Write out the data below exactly as given, without any of its pictures.

▶ Data section:

+---+

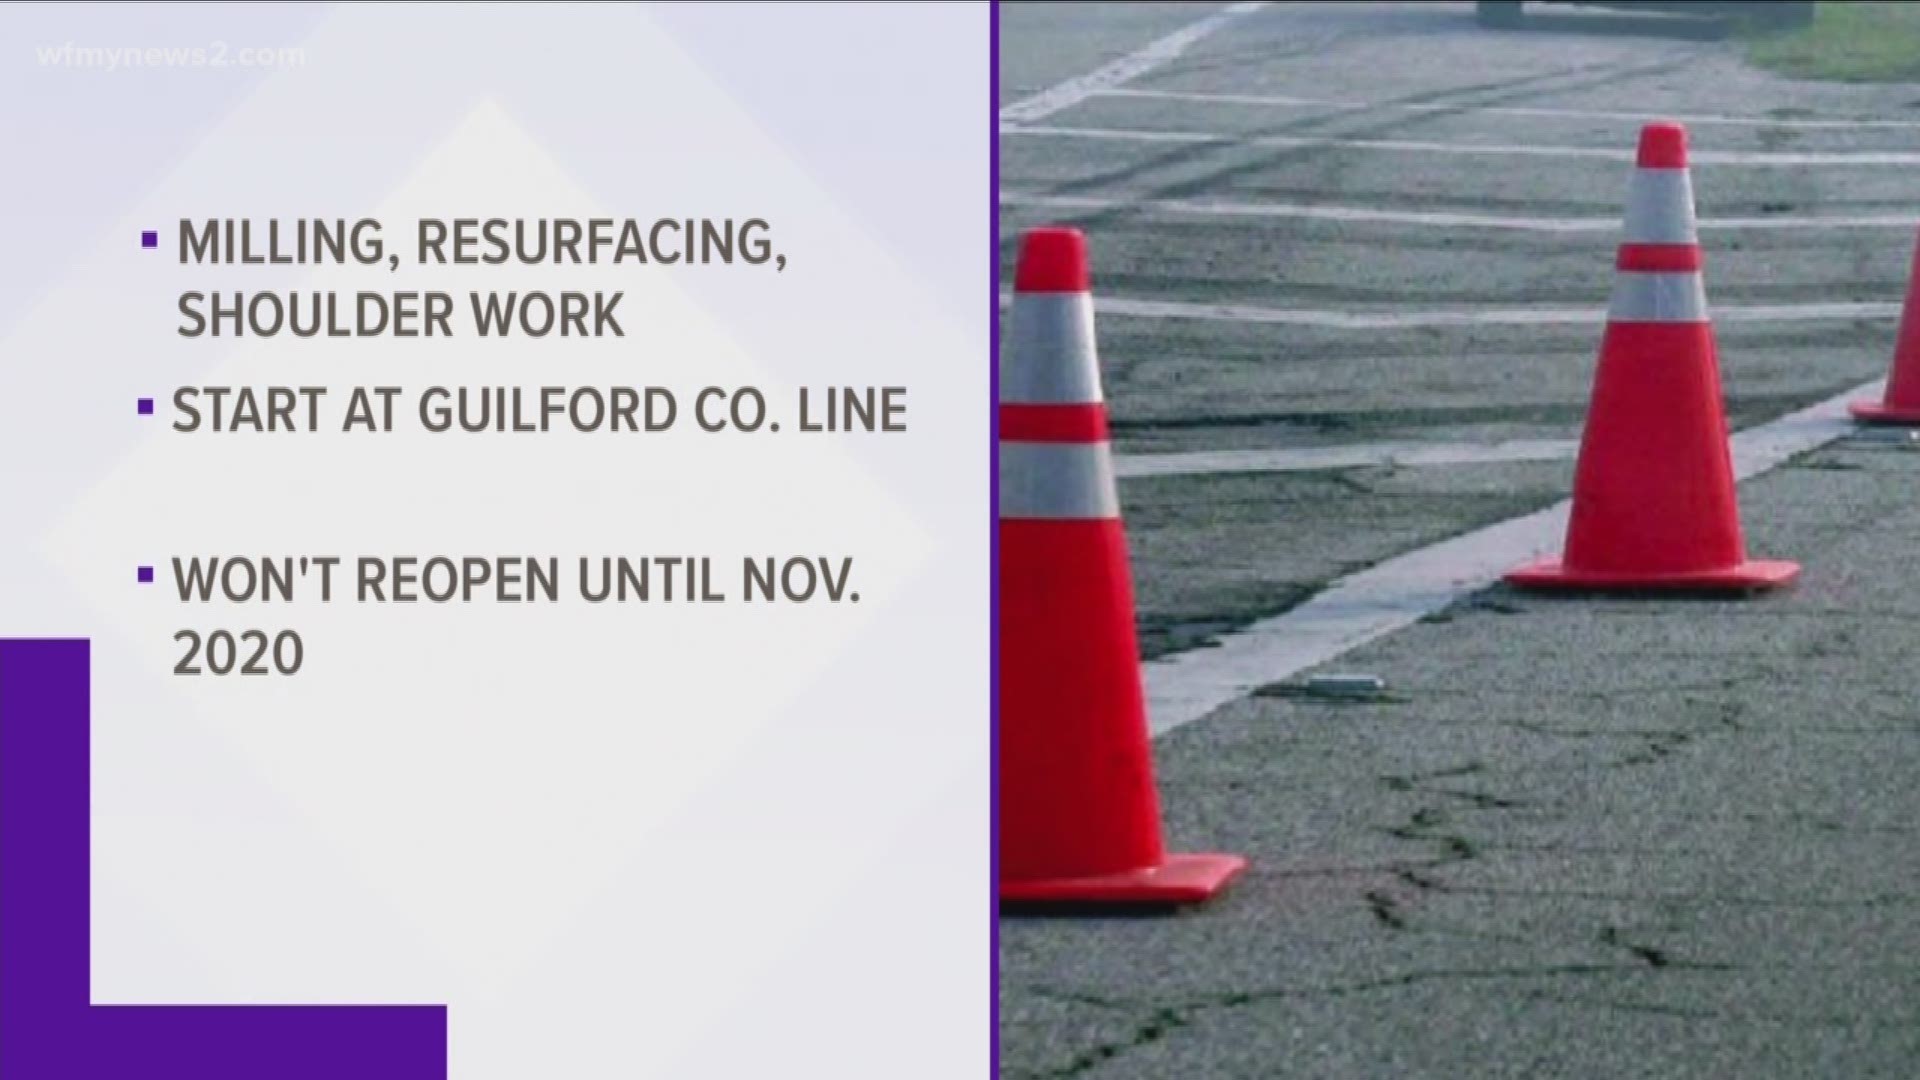 Starting in July, the state is closing 69 miles of roads for milling, resurfacing and shoulder reconstruction.
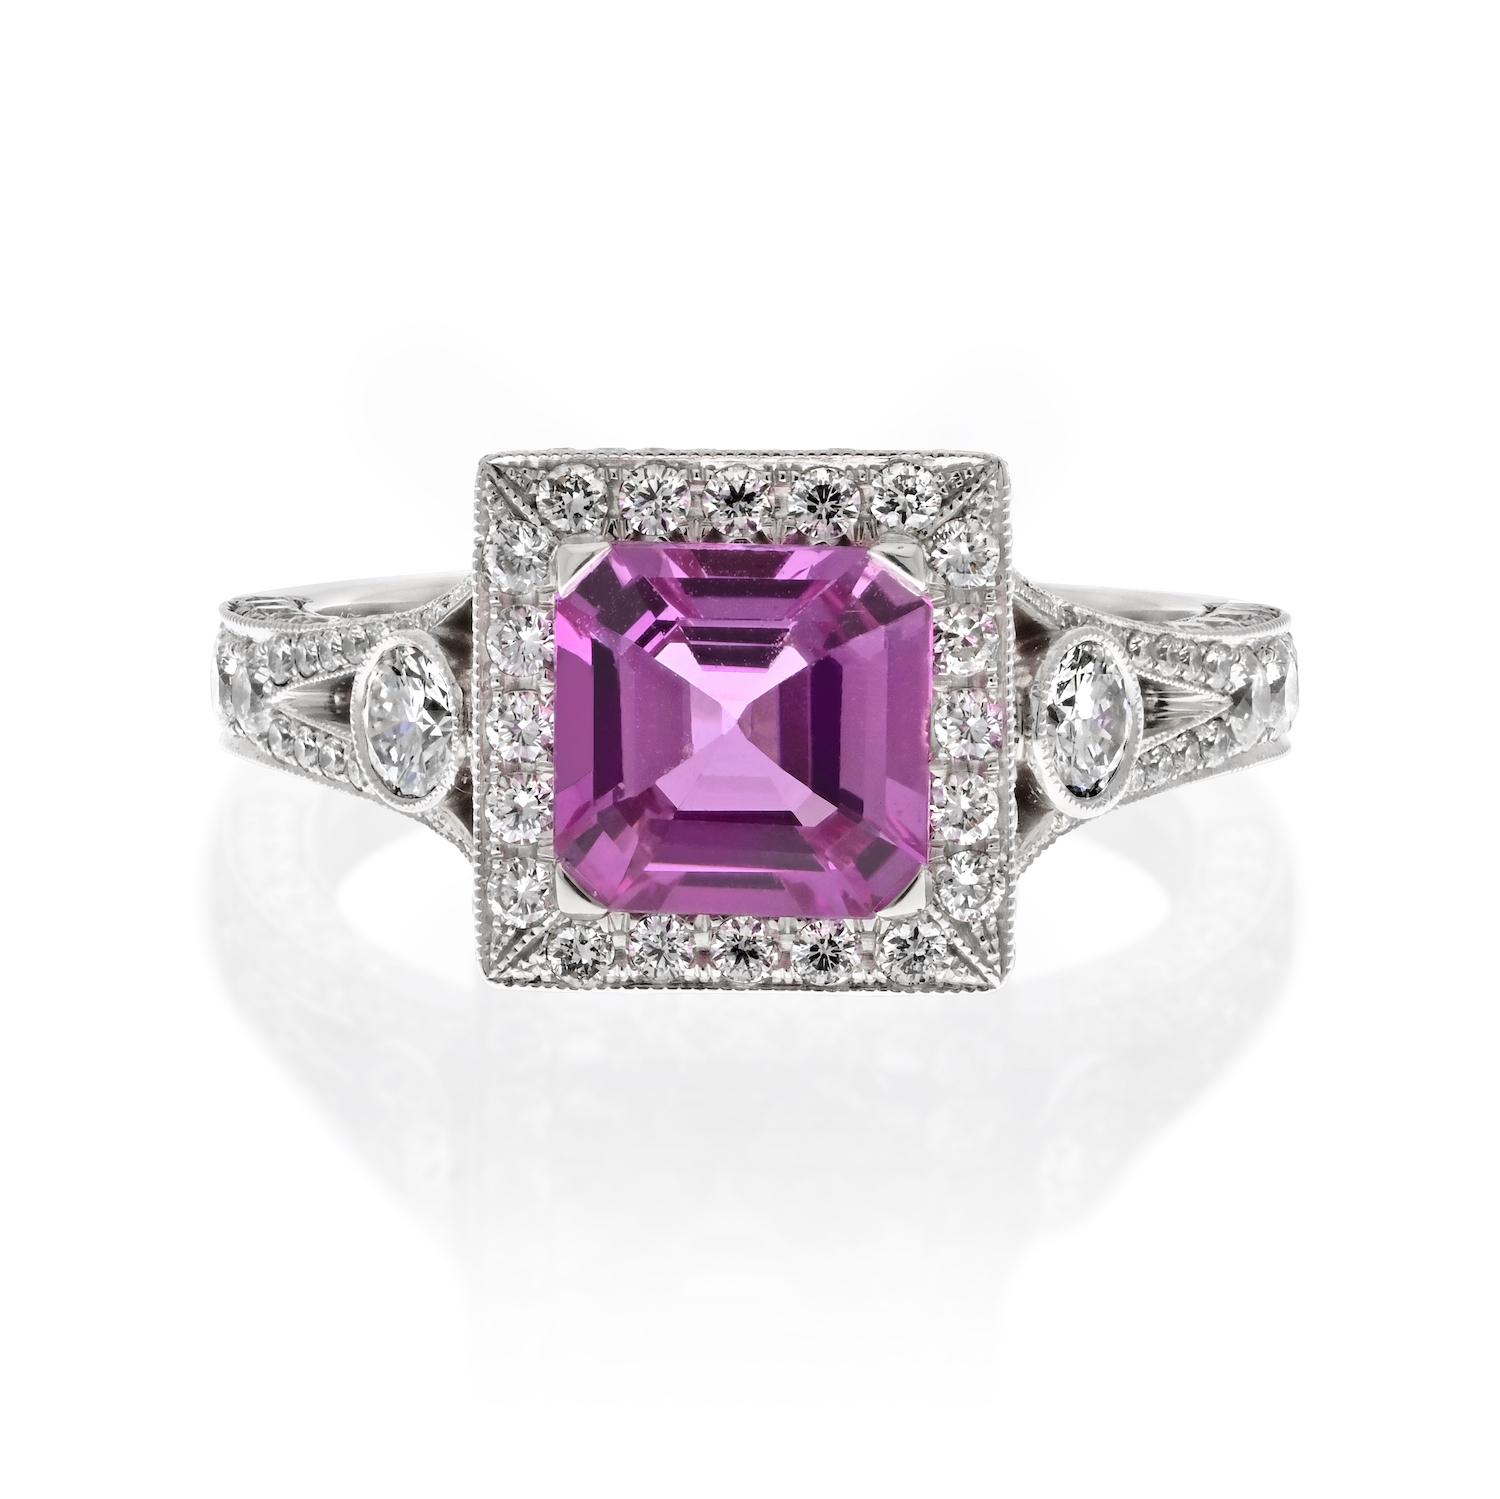 The Perfect Pink: Platinum Pink Sapphire Halo Engagement Ring.

At the heart of this ring is an Asscher cut pink sapphire, weighing 1.53 carats. This pink sapphire boasts a captivating pink hue, a symbol of love and romance. Held in a prong setting,

+---+

▶ Reply:
 Starting in July, the state is closing 69 miles of roads for milling, resurfacing and shoulder reconstruction.
 The Perfect Pink: Platinum Pink Sapphire Halo Engagement Ring.

At the heart of this ring is an Asscher cut pink sapphire, weighing 1.53 carats. This pink sapphire boasts a captivating pink hue, a symbol of love and romance. Held in a prong setting,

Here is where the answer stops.